Conference: ICLR2026
OpenReview: https://openreview.net/forum?id=lAlI5FuIf7
Code: https://github.com/pengzhangzhi/PAPL
Area: Text Generation / Diffusion Language Models
Keywords: Diffusion Language Models, Path Planning, Masked Diffusion, P-ELBO, Code Generation

TL;DR¶

This paper points out the mismatch between the default "random unmasking paths" used in training and the actual "planner-guided paths" used during inference in masked diffusion language models. It proposes Planner-Aware Path Learning (PAPL), which reweights the masked diffusion loss using planner confidence to align training more closely with the inference path. This leads to steady quality improvements in protein sequence, text, and code generation.

Background & Motivation¶

Background: Discrete diffusion language models, specifically Masked Diffusion Language Models (MDLMs), treat generation as a process of iteratively recovering clean tokens from a fully masked sequence. Compared to autoregressive models that must generate from left to right, MDLMs can fill tokens in any order, making them naturally suitable for discrete data like text, code, and protein sequences that lack a unique "correct generation order" or require parallel generation.

Limitations of Prior Work: Standard MDLM training typically masks a random subset of tokens and applies uniformly weighted cross-entropy across all masked positions. This implicitly assumes that each step of inference will also involve choosing a position to decode uniformly at random from the current masked set. However, in practice, planners such as greedy confidence, MaskGIT, P2 self-planning, or remasking are often used to determine the next position to fill to improve sample quality.

Key Challenge: While the model is trained to treat all random paths equally, the planner during inference favors certain high-confidence, more successful paths. In other words, the training objective optimizes a "denoiser on uniform paths," but the model is deployed on "paths selected by the planner." If the denoiser is imperfect, different decoding orders yield different quality levels, making the standard ELBO an inaccurate description of the generation probability for planner-guided inference.

Goal: The authors aim to answer not which planner is better at inference time, but how the training objective should be modified to let the denoiser learn the paths it will actually take, given that a planner will be used. This requires theoretically incorporating the planner into the reverse dynamics of diffusion language models and deriving a trainable approximation from a new lower bound.

Key Insight: The paper views the token-by-token unmasking process of MDLMs as a discrete-time Markov chain and compares the path-wise KL divergence between the model's planner-guided reverse dynamics and an "ideal planner reverse dynamics" that knows the ground truth. This perspective treats the planner not just as an inference trick, but as a direct component in the definition of the generative distribution and the ELBO.

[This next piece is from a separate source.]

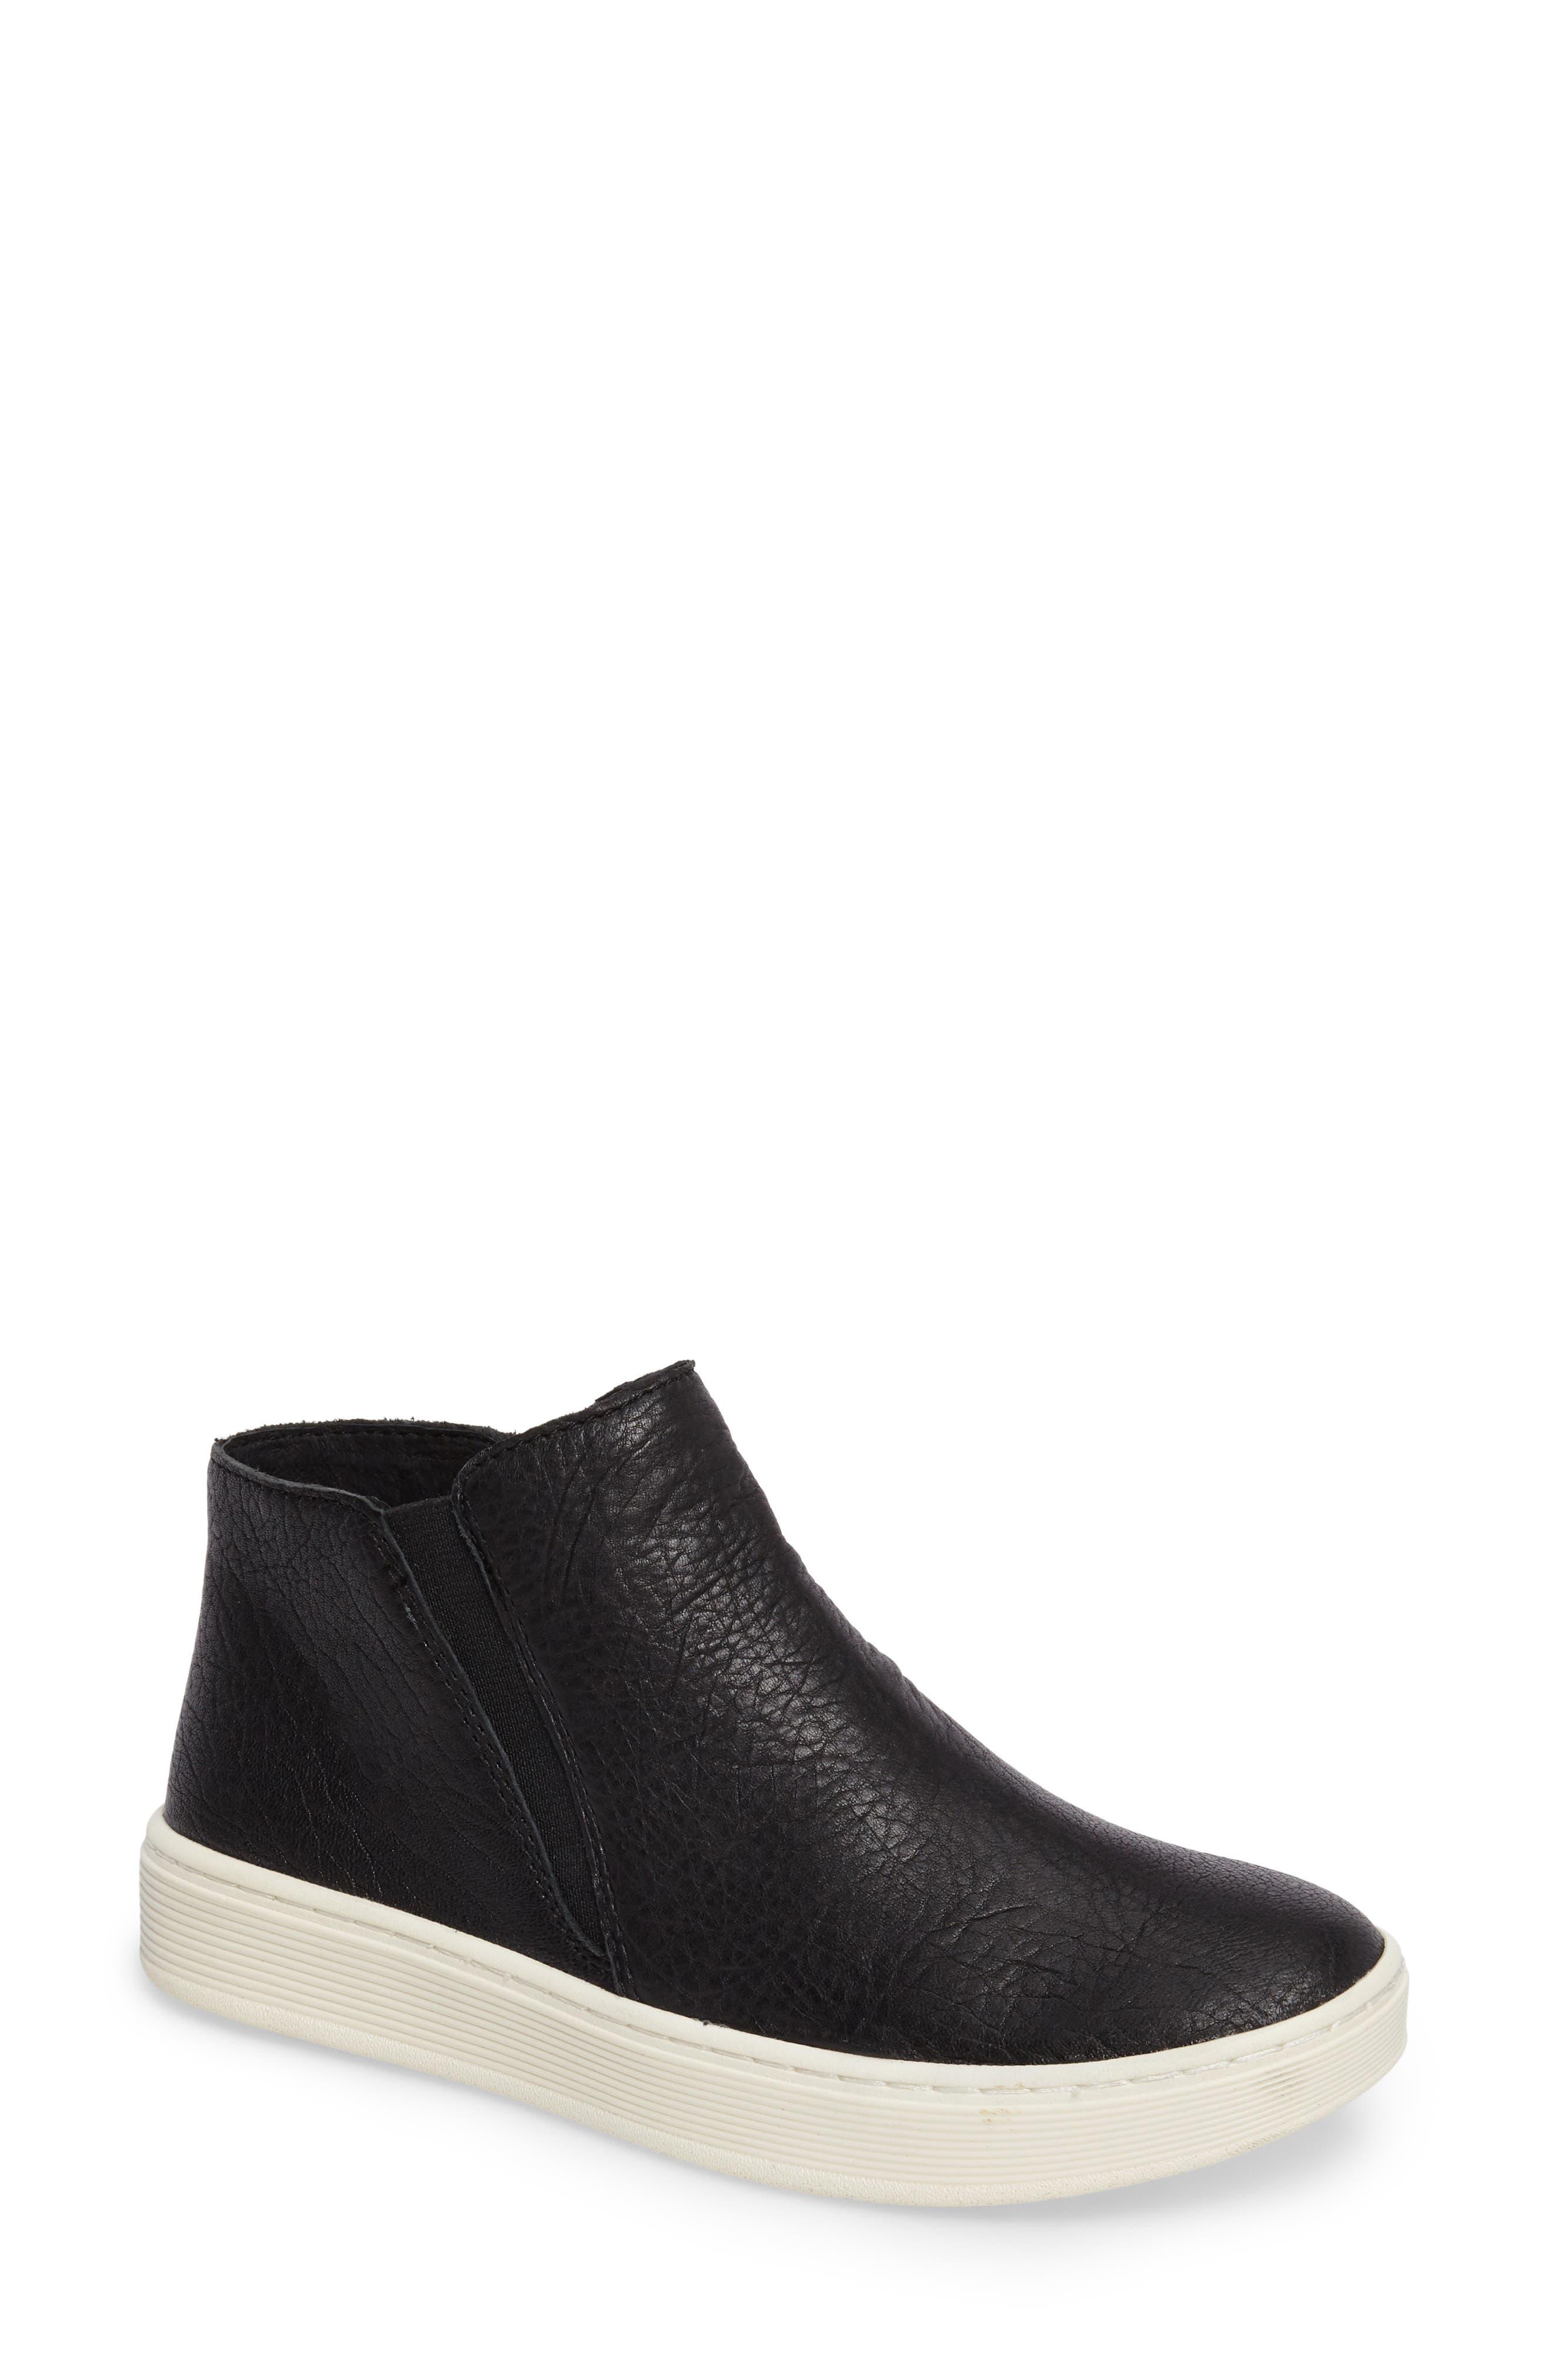 Britton Chelsea Sneaker,                             Main thumbnail 1, color,                             BLACK LEATHER

Core Idea: Use the probability that a planner will select a certain masked position to reweight the denoising loss. This directs more training capacity toward the generation paths most likely to be traversed during inference, rather than wasting it on random paths that the planner will rarely take.

Method¶

Overall Architecture¶

The logic of PAPL consists of four steps: formalizing the "unmasking process with a planner," proving that the standard uniform ELBO no longer matches planner-guided inference, deriving the Planner-Aware ELBO (P-ELBO), and finally approximating the theoretical objective into a training algorithm that primarily modifies loss weights. The input is a clean sequence \(x_0\). During training, a partial mask state \(x_k\) is randomly generated. The denoiser predicts the original tokens for each masked position, and the planner assigns a weight to each position based on denoiser confidence. The final loss applies stronger supervision to positions more likely to be selected by the planner.

%%{init: {'flowchart': {'rankSpacing': 24, 'nodeSpacing': 28, 'padding': 6, 'wrappingWidth': 400}}}%%
flowchart TD
    A["Clean sequence x0"] --> B["Random mask to get xk"]
    B --> C["Planner-aware<br/>reverse dynamics"]
    C --> D["P-ELBO<br/>training objective"]
    D --> E["Soft-greedy<br/>self-planning weight"]
    E --> F["PAPL weighted<br/>masked loss"]
    F --> G["Planner-guided<br/>inference generation"]

The primary contributions are the planner-aware reverse dynamics, the P-ELBO, the soft-greedy self-planning weights, and the PAPL-weighted masked loss. The clean sequence, random masking, and inference generation serve as the scaffold for the workflow.

Key Designs¶

1. Planner-aware reverse dynamics: Incorporating "where to fill" into the generative distribution

A single reverse transition in a standard MDLM can be understood as follows: in current state \(x_k\), a position \(i\) is sampled uniformly from the masked positions, and then a token is sampled at that position using the denoiser \(D_\theta^i(x_k)\). This paper replaces the "uniform sampling" with a planner \(G_\phi\). The planner observes the candidate predictions \(z \sim D_\theta(x_k)\) from the denoiser, outputs probabilities for selecting each position, and only the selected position is updated.

Thus, the transition step is no longer just \(\mathrm{Cat}(y;D_\theta^i(x_k))/(L-k)\), but the token probability multiplied by the effective probability of the planner choosing that position:

\[ q_{\theta,\phi}^i(y\mid x_k)=\mathrm{Cat}(y;D_\theta^i(x_k))F_{\theta,\phi}(x_k,y,i). \]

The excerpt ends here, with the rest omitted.